- Born: April 22, 1976 (age 50) Cornwall, Ontario, Canada
- Height: 6 ft 0 in (183 cm)
- Weight: 200 lb (91 kg; 14 st 4 lb)
- Position: Defence
- Shot: Left
- Played for: AHL Rochester Americans Hershey Bears IHL Indianapolis Ice Orlando Solar Bears Fort Wayne Komets ECHL Columbus Chill Pensacola Ice Pilots WPHL/CHL Amarillo Rattlers UHL Knoxville Speed
- NHL draft: 118th overall, 1994 Chicago Blackhawks
- Playing career: 1996–2002

= Marc Dupuis =

Canadian ice hockey player

Marc Dupuis (born April 22, 1976) is a Canadian retired professional ice hockey defenceman. Dupuis was selected by the Chicago Blackhawks in the fifth round (118th overall) of the 1994 NHL entry draft.
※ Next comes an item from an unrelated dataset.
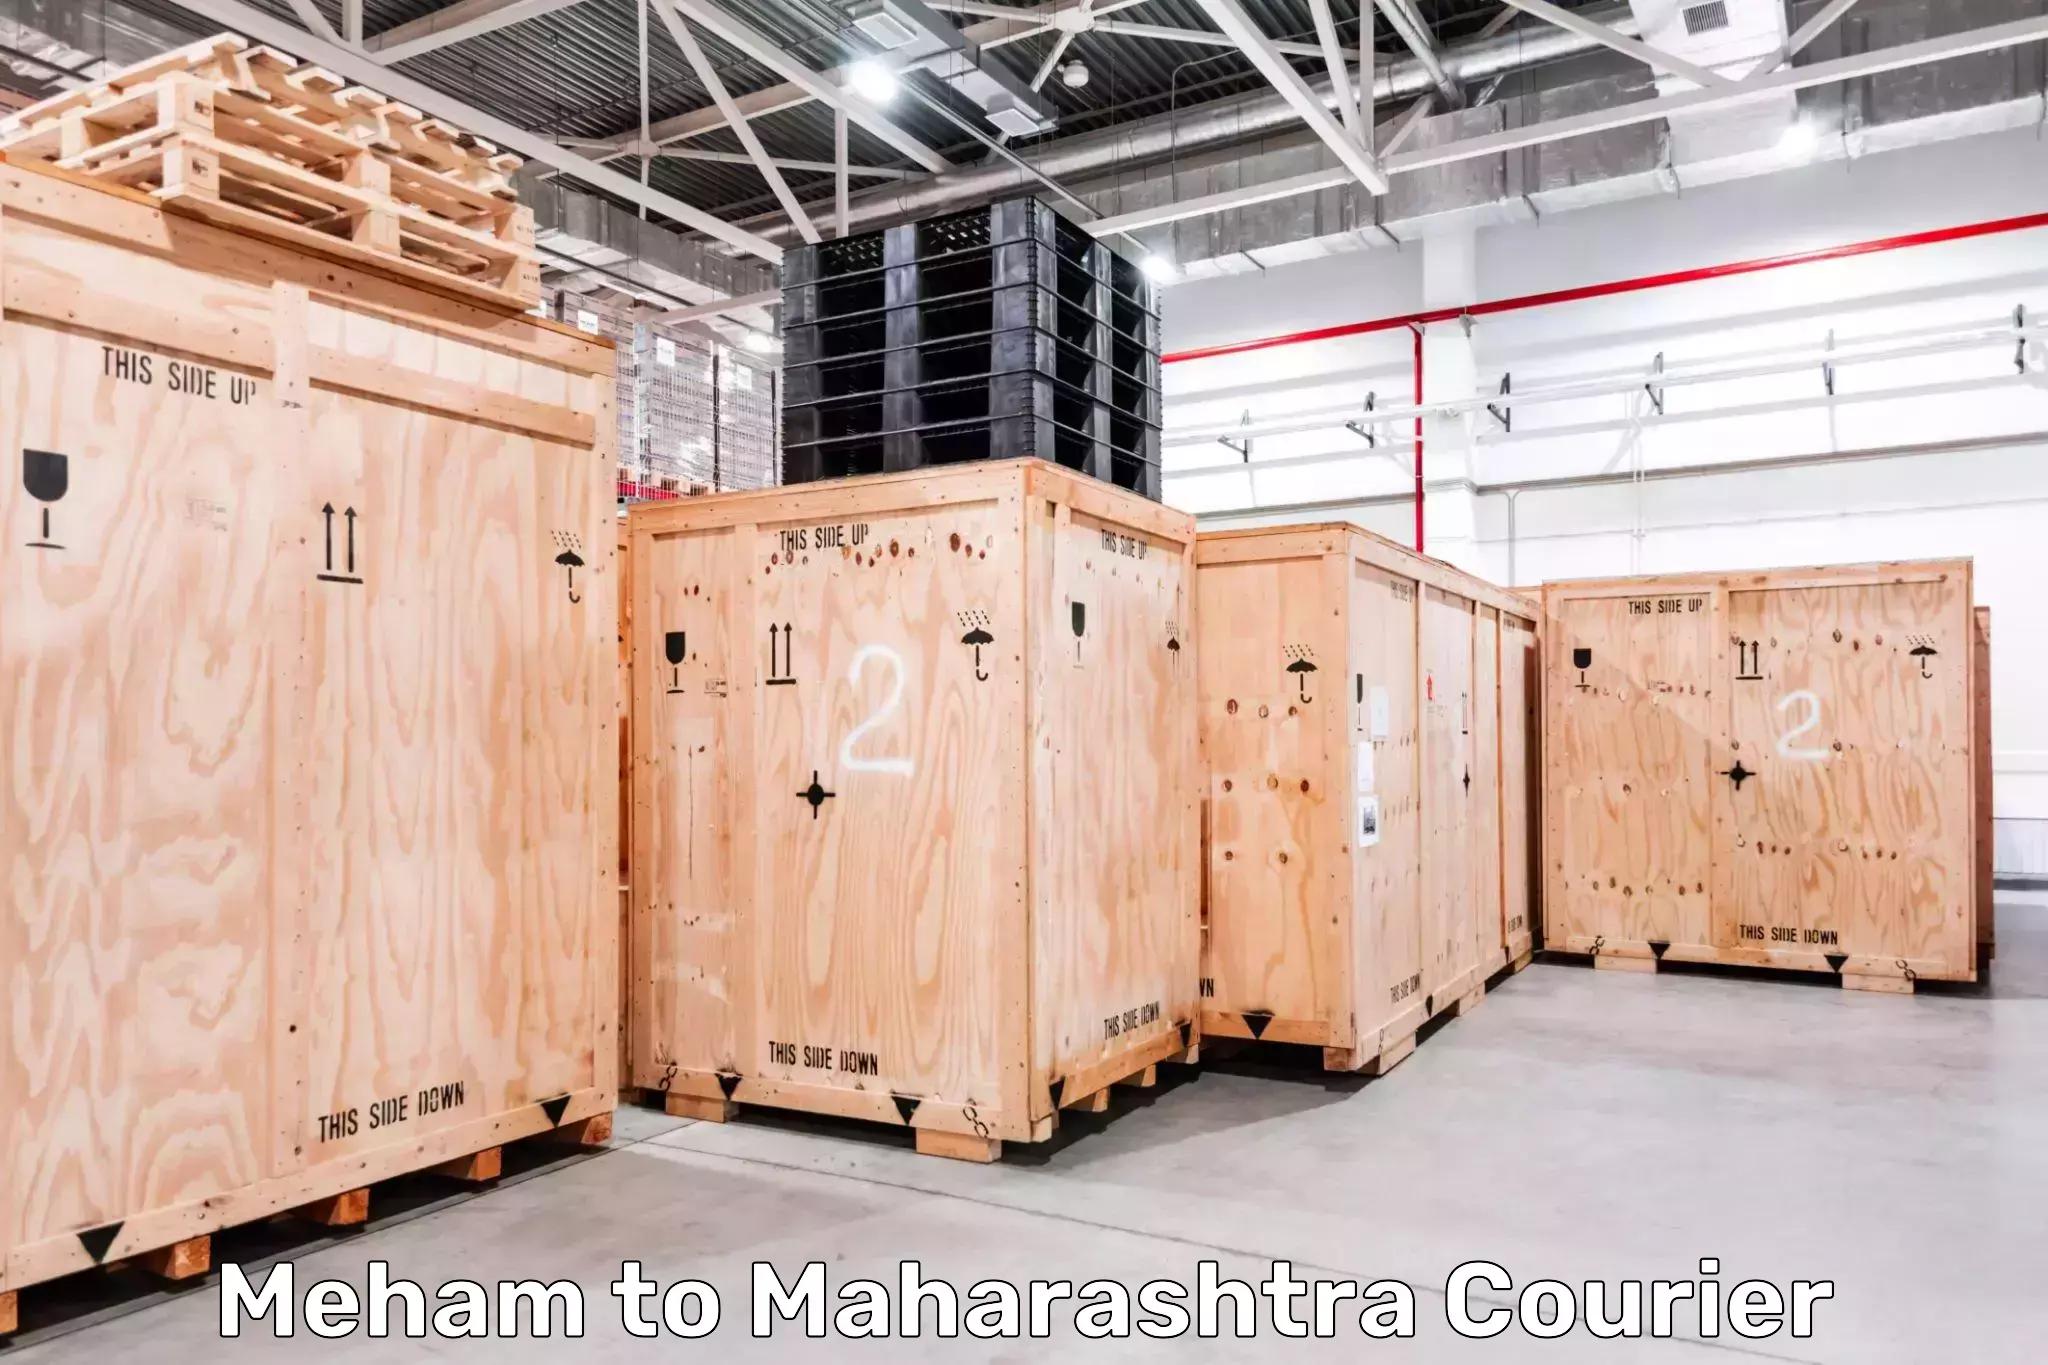 Courier service comparison Meham to Maharashtra

Dupuis played six seasons of professional hockey, mostly in the International Hockey League, where he skated in 151 contests to record 47 points and 102 penalty minutes. He also played 84 regular season games in the ECHL, as well as stints in the American Hockey League, Western Professional Hockey League, United Hockey League, and Central Hockey League.

Dupuis retired from professional hockey following the 2001–02 season, but remained active in the Quebec Senior Hockey League as a player with the Cornwall Comets.

In 2012, Dupuis was inducted into the Cornwall Sports Hall of Fame.